Once you find the line with "Women Sandals Summer, Transparent" in the entries below, return exactly every line from it through the line with "Explore Hawaii, 4 Hawaiian islands".

→ **Provided information**:
..........

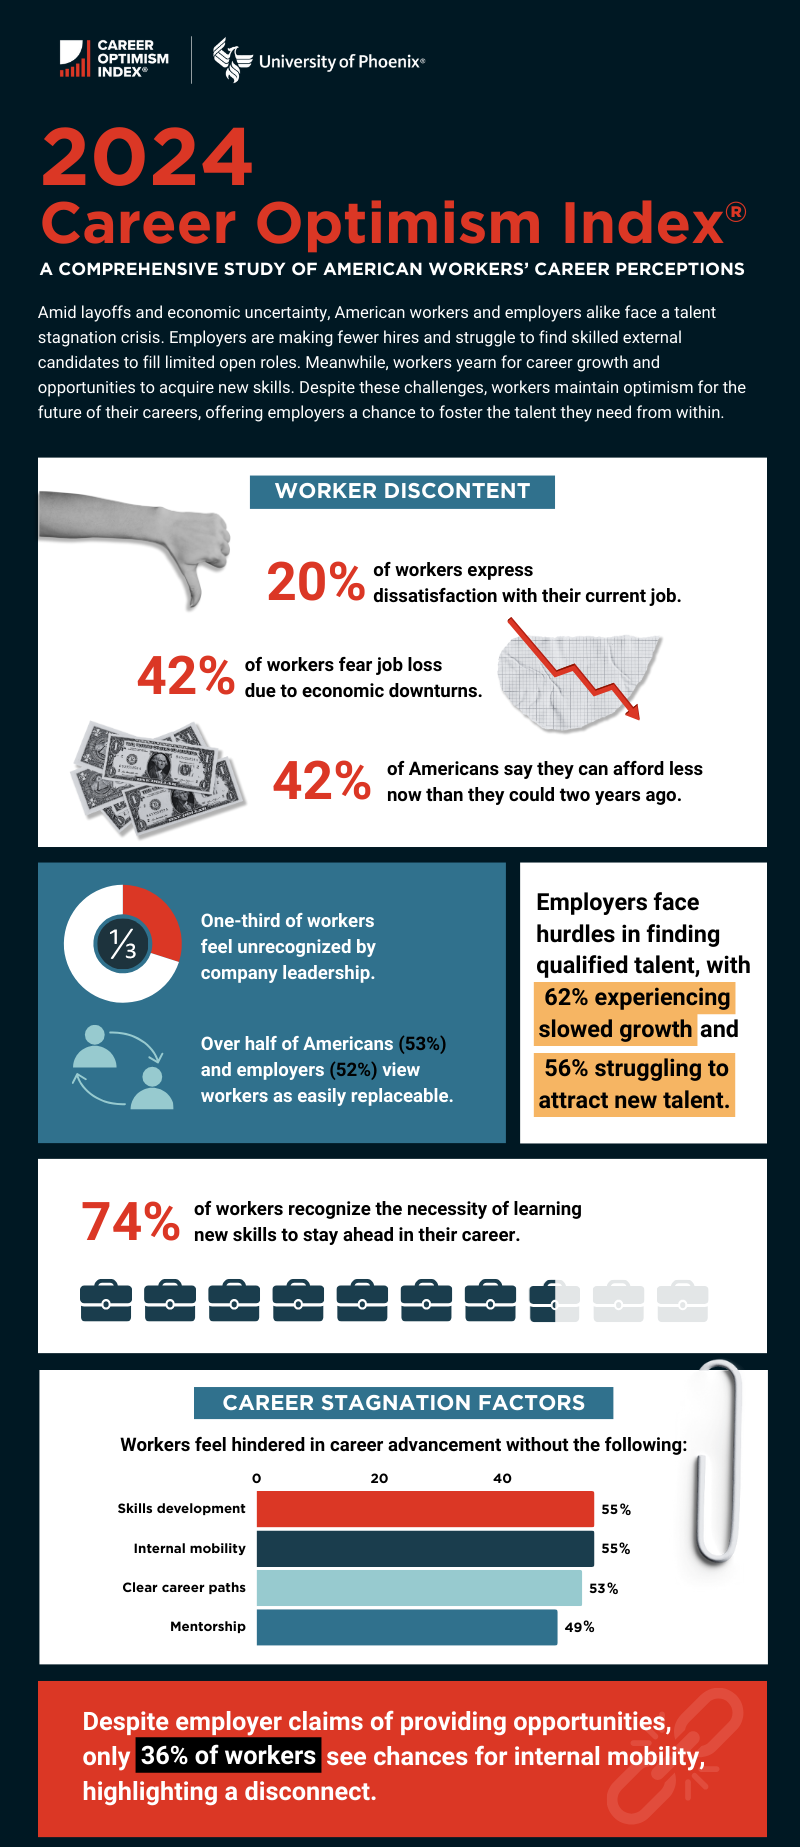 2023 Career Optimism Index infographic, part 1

..........

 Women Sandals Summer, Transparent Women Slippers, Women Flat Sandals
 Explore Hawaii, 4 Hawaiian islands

..........

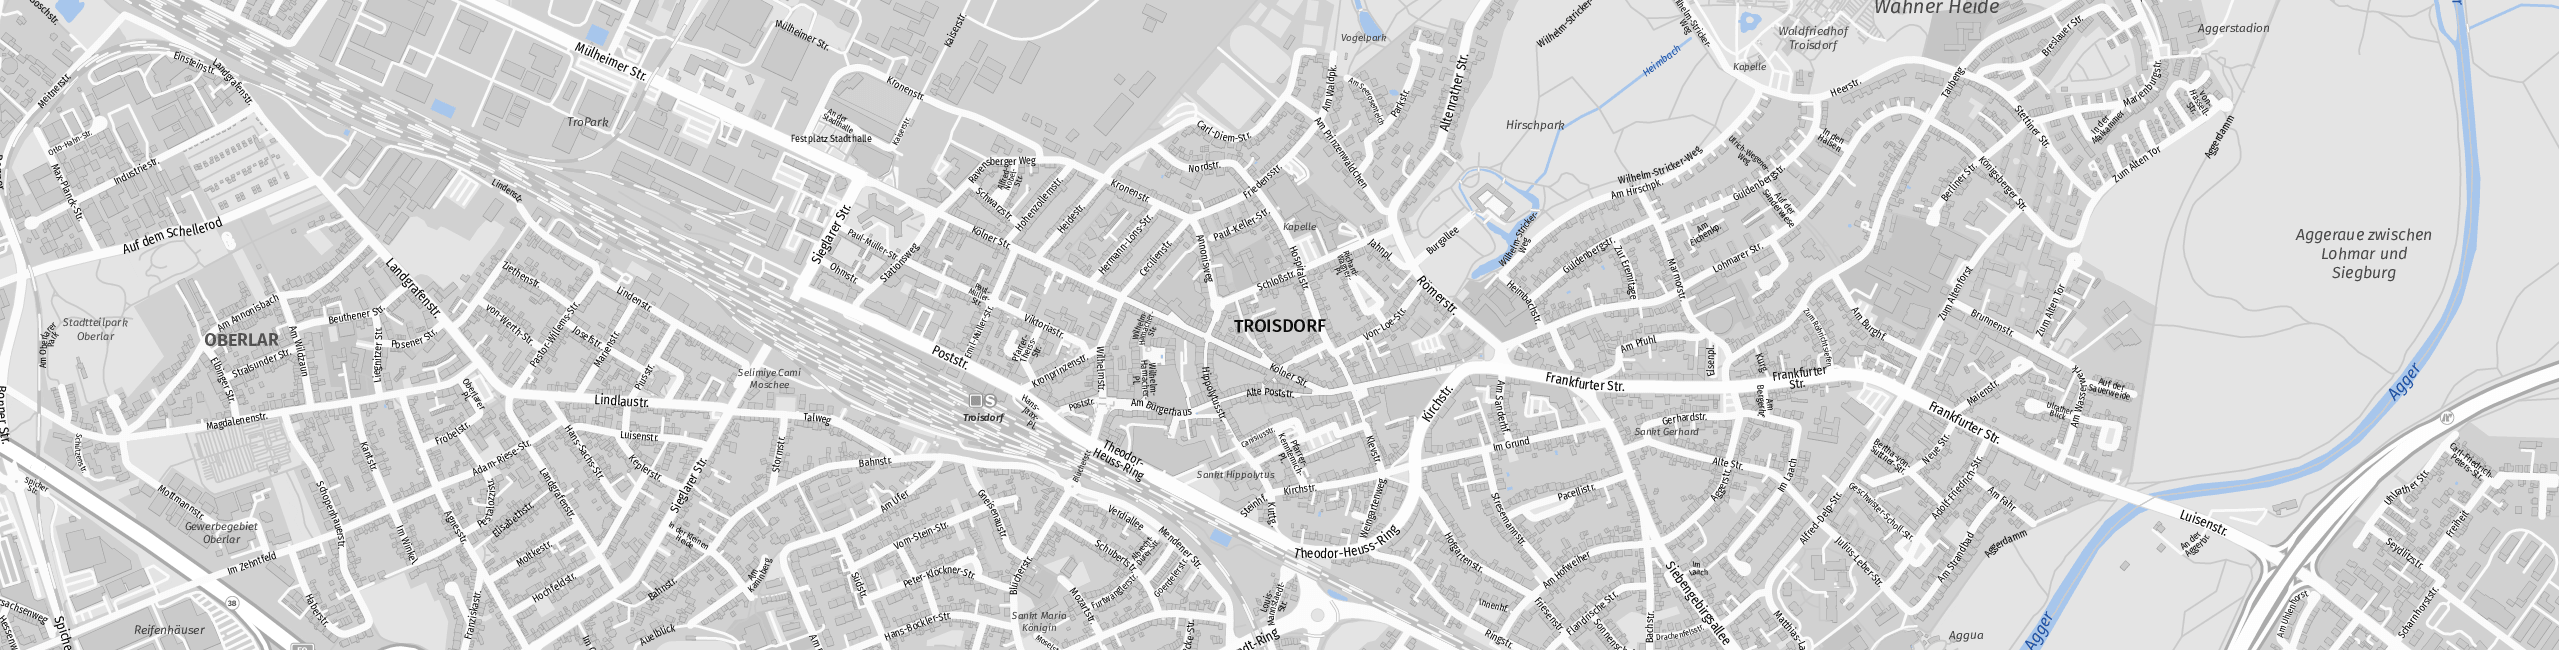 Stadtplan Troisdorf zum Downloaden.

..........

→ **Result for this task**:
 Women Sandals Summer, Transparent Women Slippers, Women Flat Sandals
 Explore Hawaii, 4 Hawaiian islands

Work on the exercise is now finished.